My husband has so few people he becomes close too, so few people who can handle his personality because he just doesnt talk much and is not exactly engaging company. And Kenny never cared. And they did everything from attend our daughters first birthdays together, to put up xmas lights together (Kenny LOVED xmas)  to go to Drill Sgt school together, deploy together, and in his final wishes he asked for Highlander to be a pall bearer should something happen to him.
So it is that our family will travel to Arlington National Cemetery to watch our friend and comrade be laid to final rest. And watch our kids play together under what will be gray skies and yet without them knowing they are the only sunshine available in all this. 2 kids who as i watch them grow up will never ever let me forget their father who paid the ultimate price, so that the rest of us can be free.
As we drink our Starbucks, and ponder what movies are coming out and what we will take out for dinner tonight. I ponder how my friend is going to live without a part of her heart for the rest of her life.
 I know that since the night i heard Dave died so many years ago i have never ever been the same, and I'm not ever going to feel ok.
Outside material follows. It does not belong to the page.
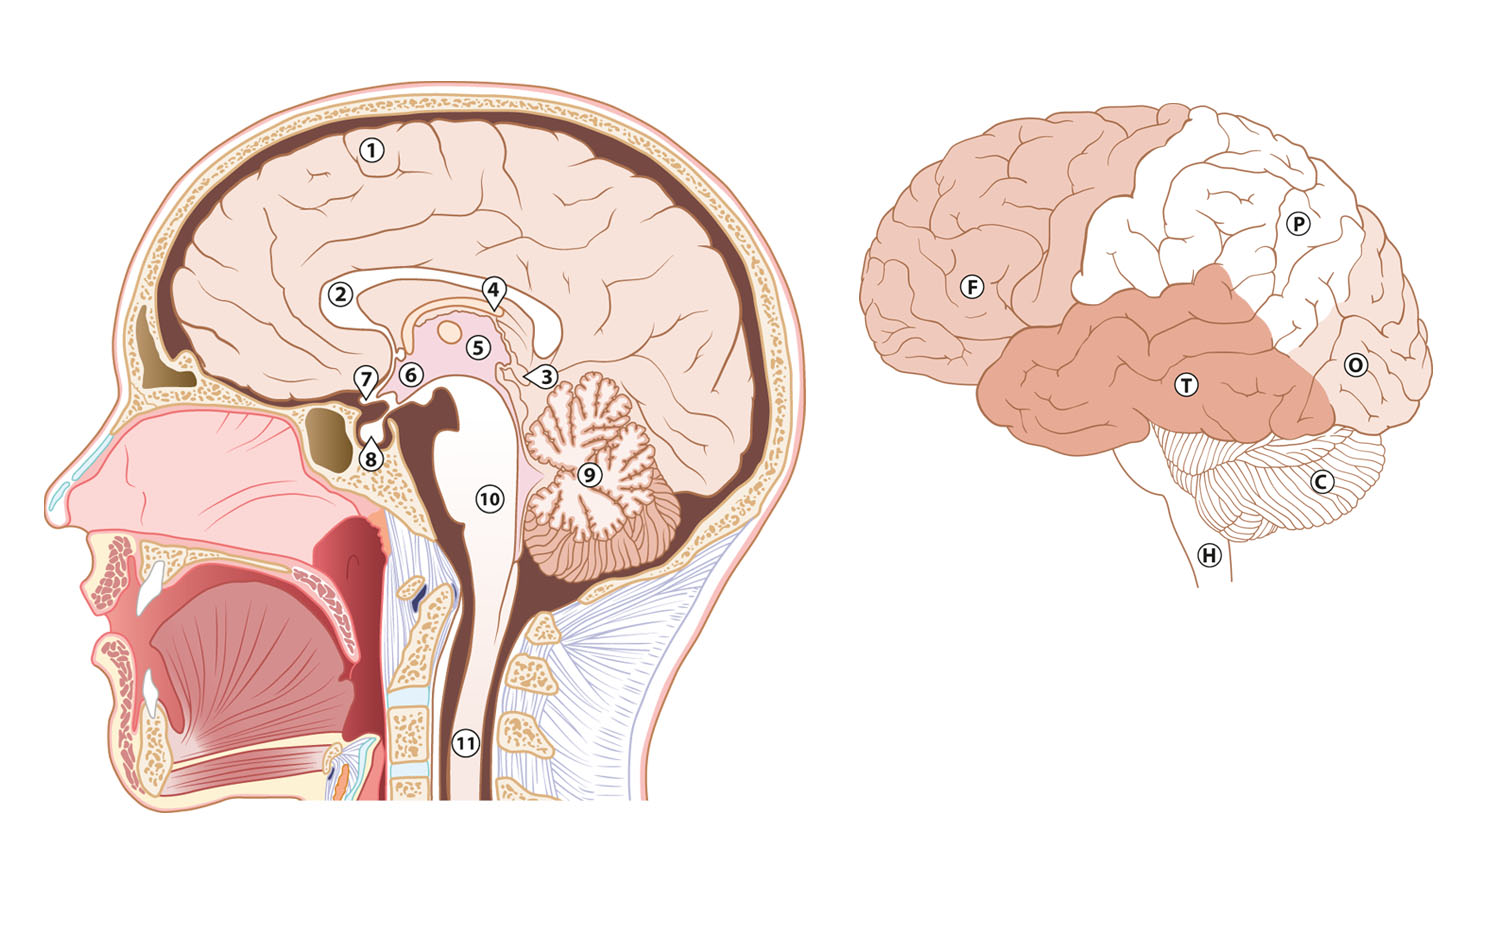 brain section

I could not know that God was preparing my heart Sunday morning in service, as they talked about The Twelve memorial stones in Joshua.4:1-24  Then Joshua called the twelve men whom he had appointed from the children of Israel, one man from every tribe; 5 and Joshua said to them: "Cross over before the ark of the LORD your God into the midst of the Jordan, and each one of you take up a stone on his shoulder, according to the number of the tribes of the children of Israel, 6 that this may be a sign among you when your children ask in time to come, saying, 'What do these stones mean to you?'
 These stones are a reminder of a tough time, and impossible circumstance that the mighty hand of God came and made a way.A passage to a better place when there was no visible way through. 
 And i still bear my stone in my heart from all those who we lost before and now facing this terribly close loss i search my heart and my faith for that stone that i may be strong again. And that i will see that i did make it to the other side and am eternally grateful for the reminder that stone brings to my life. I praise God in this storm not for all that i see and feel is lost , but for giving me experiences and points of hope in all this despair that i can call upon to make me available to be strong for my friend in her time of need.


2 Corinthians1:3-4   What a wonderful God we have-He is the Father of our Lord Jesus Christ, the source of every mercy,
    and the one who so wonderfully comforts and strengthens us in our hardships and trials.And why does he
    And why does He do this? So that when others are troubled, needing our sympathy and encouragement,
    we can pass on to them this same help and comfort God has given us.



I pray that God will use myself and my family as a source of comfort to their family in this terribly sorrowful time and that i would be able to handle whatever task that i am asked to do with grace and composure.